571 + 1 = 572

Tytuł: Katriona
Autor: Robert Louis Stevenson
Kategoria: powieść przygodowa
Wydawnictwo: Iskry
Liczba stron: 344
Ocena: 7/10

Katriona to kontynuacja dalszych losów Dawida Balfoura z Porwanego za młodu. Akcja dzieje się niedługo po wydarzeniach w poprzedniej części i w głównej mierze lawiruje dookoła procesu związanego z zabójstwem Colina Campbella, intrygi lorda prokuratora Prestongrange’a oraz miłosnych perypetiach Dawida i tytułowej bohaterki.

O ile w Porwanym za młodu cały czas coś się działo, tu ucieczka, tam porwanie, tu walka i to wszystko na tle szkockiej przyrody gdzieś dawało obraz takiej powieści przygodowej, awanturniczej, tak tutaj tempo jest zdecydowanie wolniejsze, a sam przebieg wydarzeń raczej bym powiedział, że idzie w kierunku bardziej powieści obyczajowej albo romantycznej aniżeli przygodowej. Aczkolwiek nie zabraknie tutaj momentów, gdzie coś się dzieje, ale jest tego o wiele, wiele mniej.

Muszę też nadmienić, że język w porównaniu do poprzedniej części jest tutaj już mniej przystępny, z takimi naleciałościami archaicznymi, ale nie sprawia to większych trudności.
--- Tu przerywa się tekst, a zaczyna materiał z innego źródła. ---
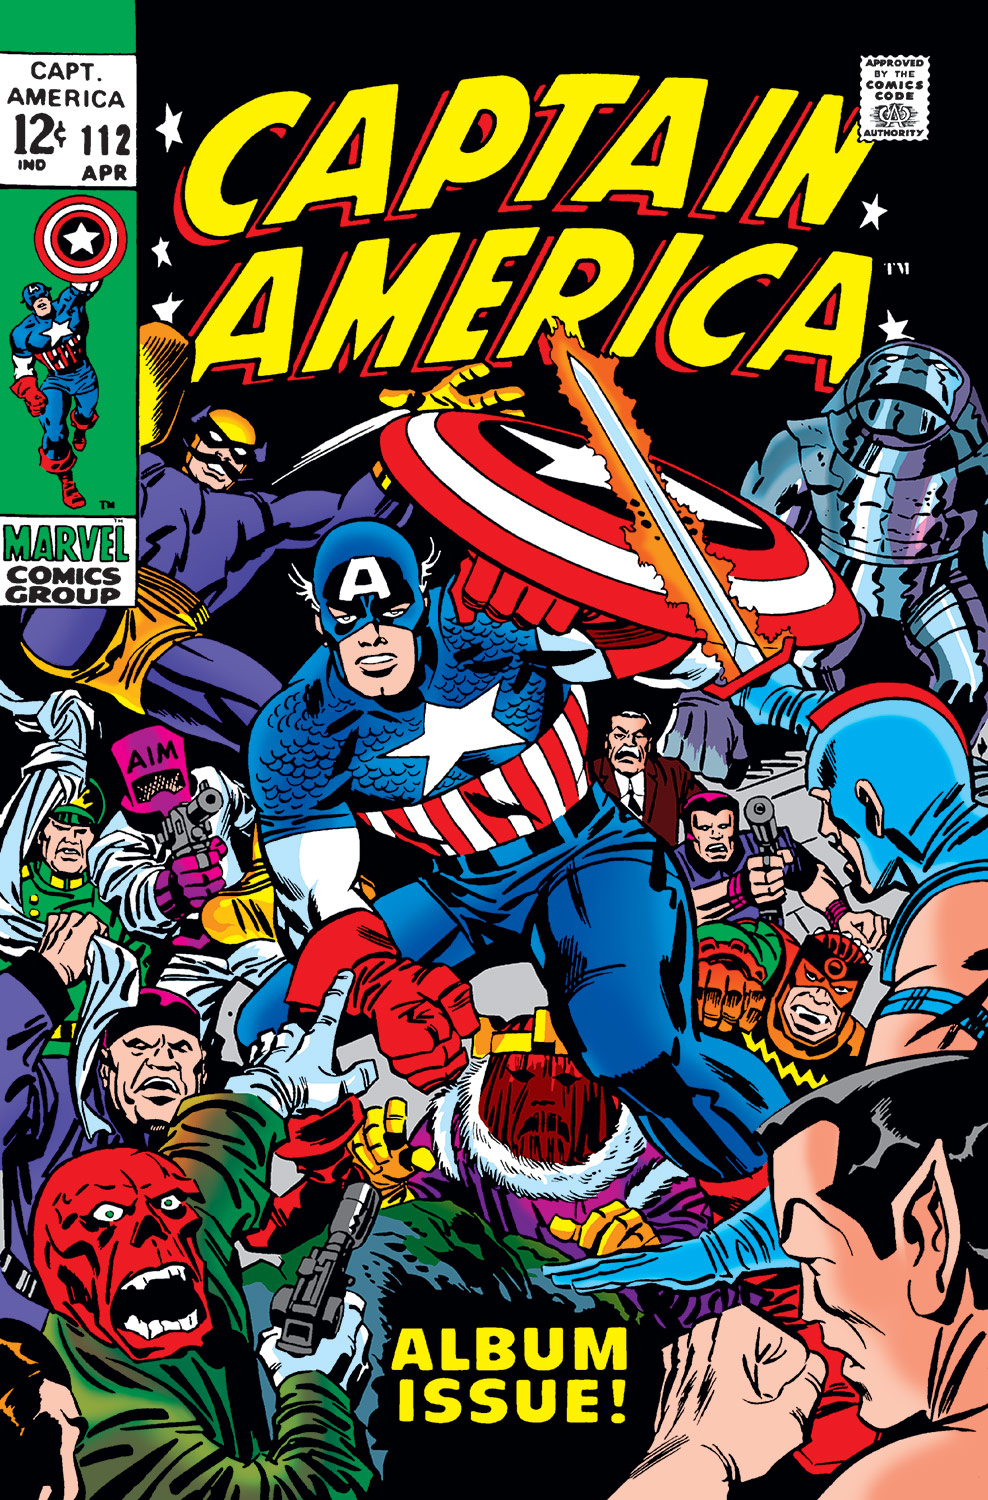 アメコミリーフ Captain America #112 CGC 4.5112

Choć nie dziwi mnie to, bo wydanie Porwanego za młodu w przekładzie Stefana Piekarskiego, które posiadam, wyszło w 2009 roku, z kolei Katriona w tłumaczeniu Jana Meysztowicza jest z 1956 roku.
Ogólnie rzecz biorąc przyjemna lektura, ale w moim skromnym przekonaniu nie dorównuje ona poprzedniczce.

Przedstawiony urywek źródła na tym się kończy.